RAW DATA >>

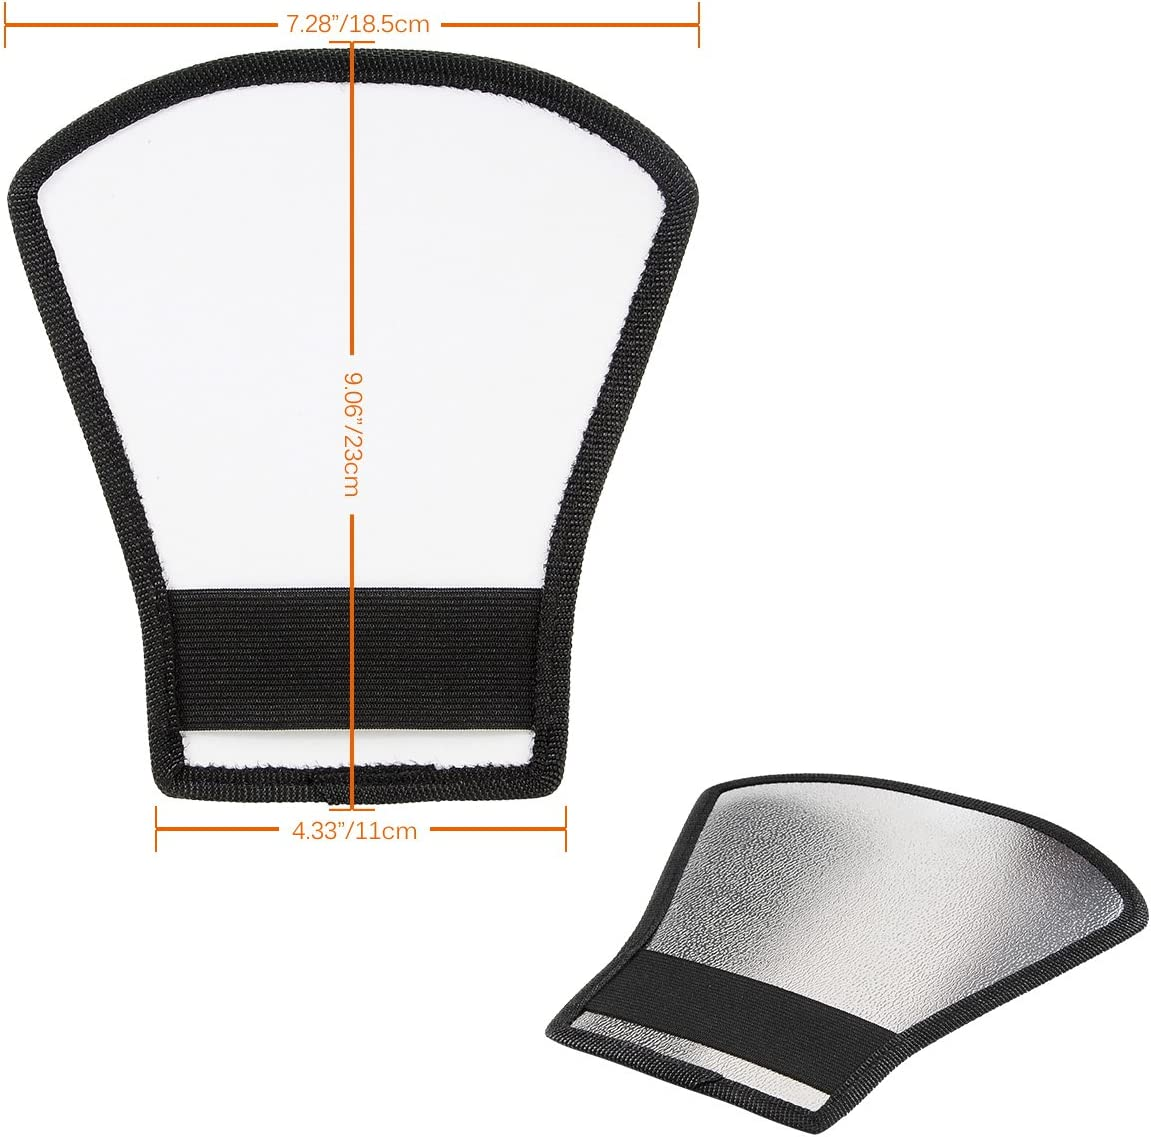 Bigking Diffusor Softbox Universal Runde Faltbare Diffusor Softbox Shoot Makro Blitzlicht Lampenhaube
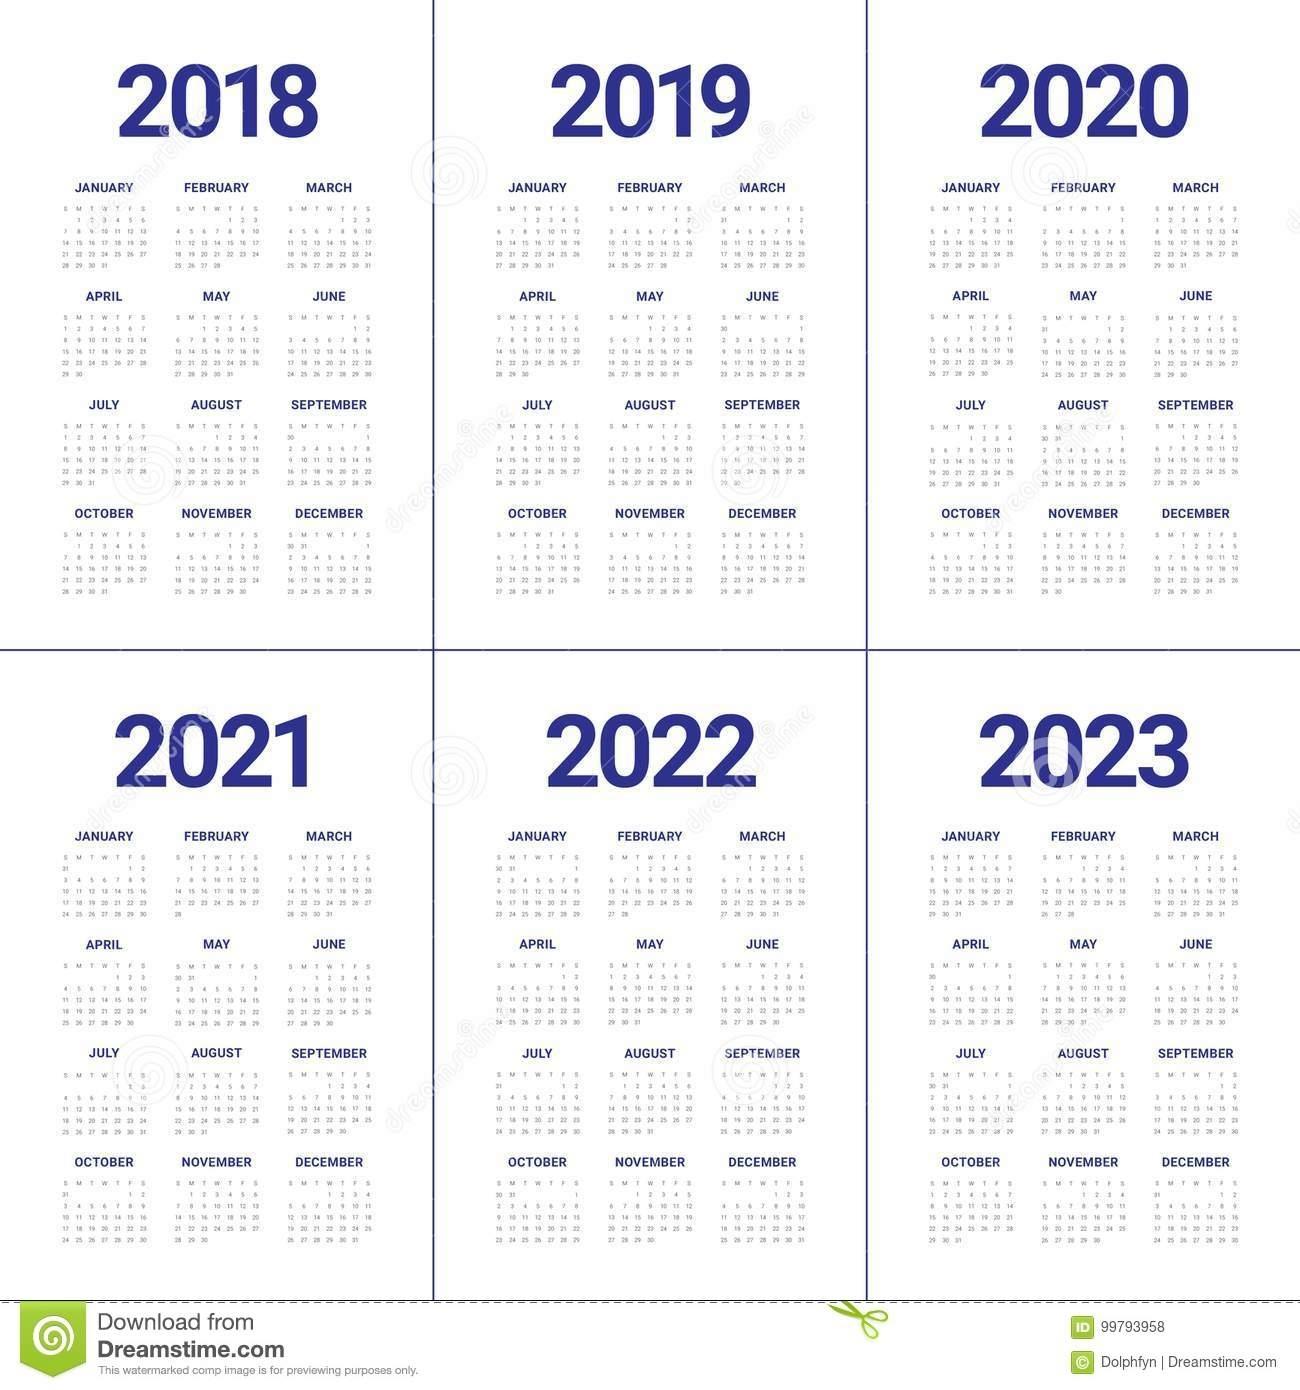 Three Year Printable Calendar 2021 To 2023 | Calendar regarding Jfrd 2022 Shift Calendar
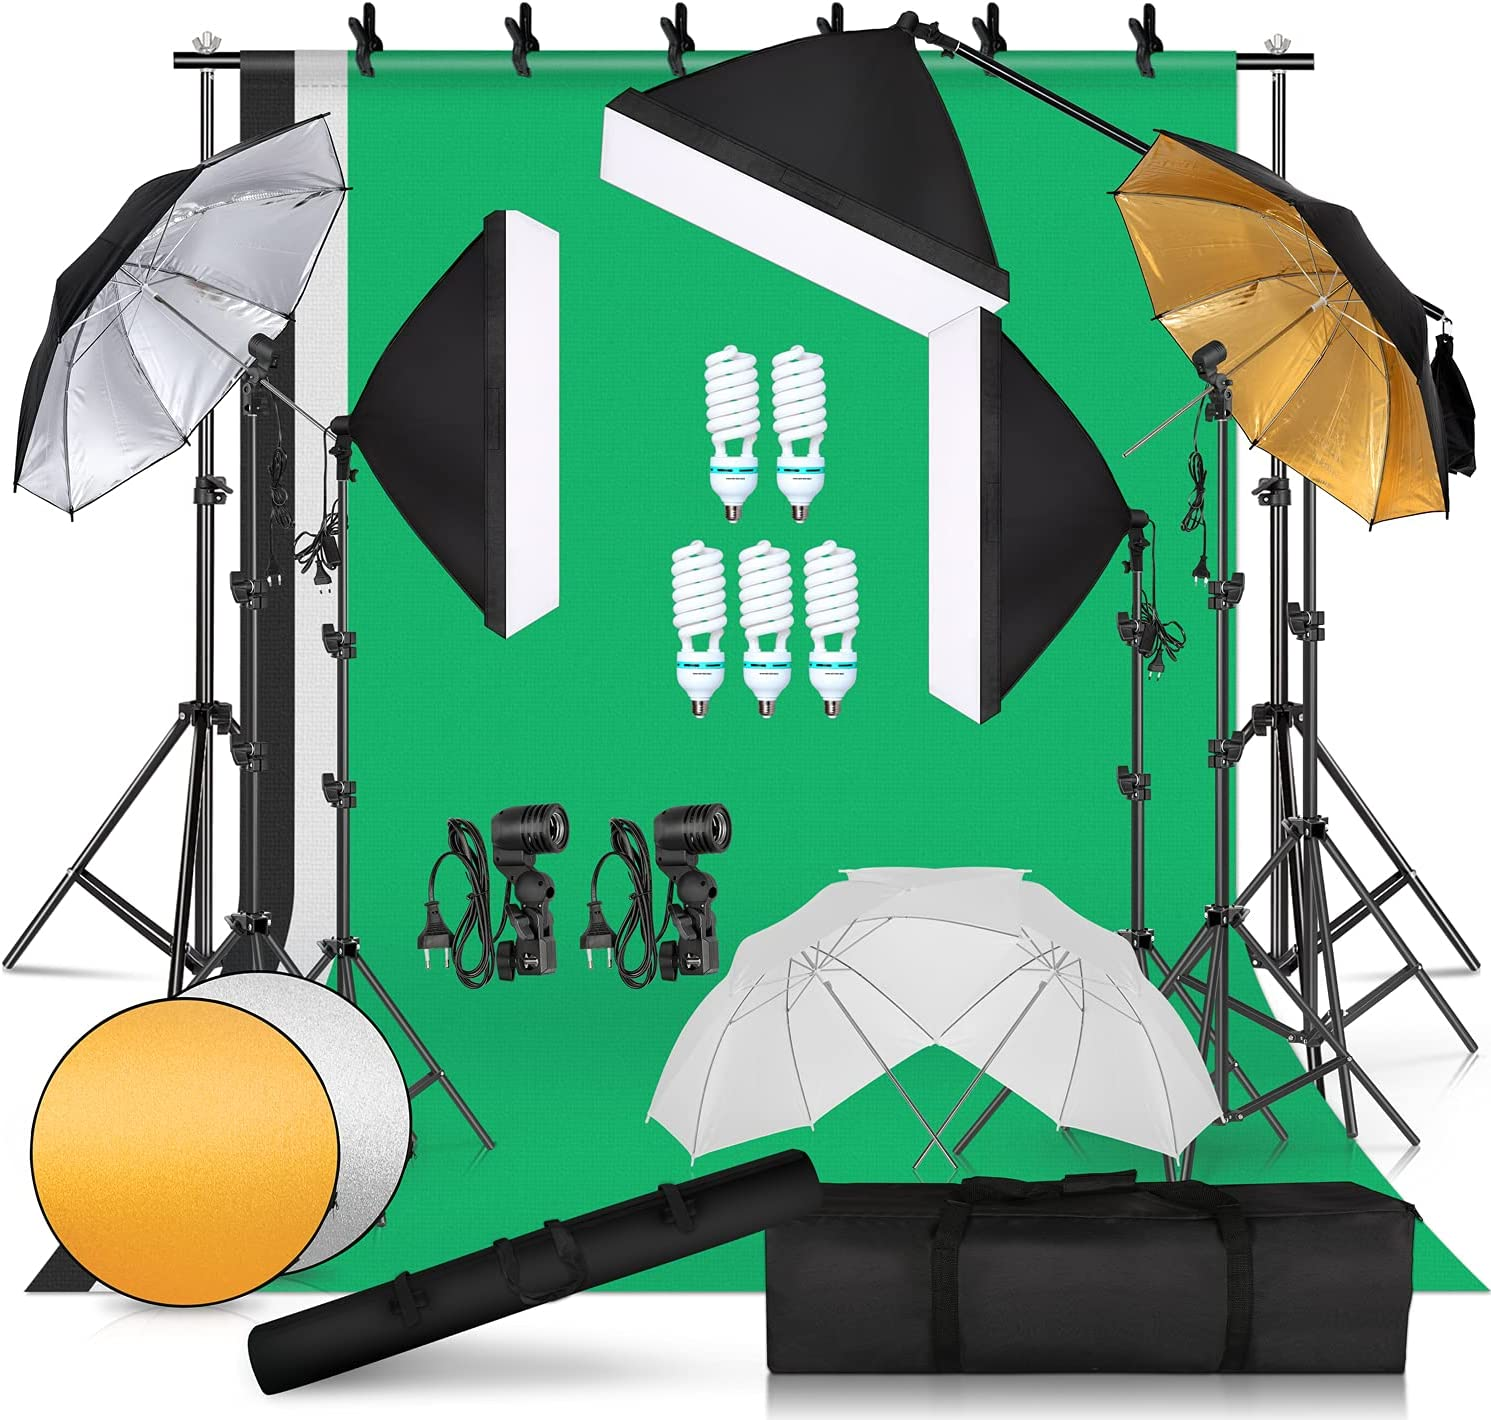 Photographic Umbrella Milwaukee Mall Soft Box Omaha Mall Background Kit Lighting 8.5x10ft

THE PROBLEM >> Make an exact copy of the listing above. Do not include the pictures.

SOLUTION FOR THIS EXERCISE >>
 Bigking Diffusor Softbox Universal Runde Faltbare Diffusor Softbox Shoot Makro Blitzlicht Lampenhaube
 Three Year Printable Calendar 2021 To 2023 | Calendar regarding Jfrd 2022 Shift Calendar
 Photographic Umbrella Milwaukee Mall Soft Box Omaha Mall Background Kit Lighting 8.5x10ft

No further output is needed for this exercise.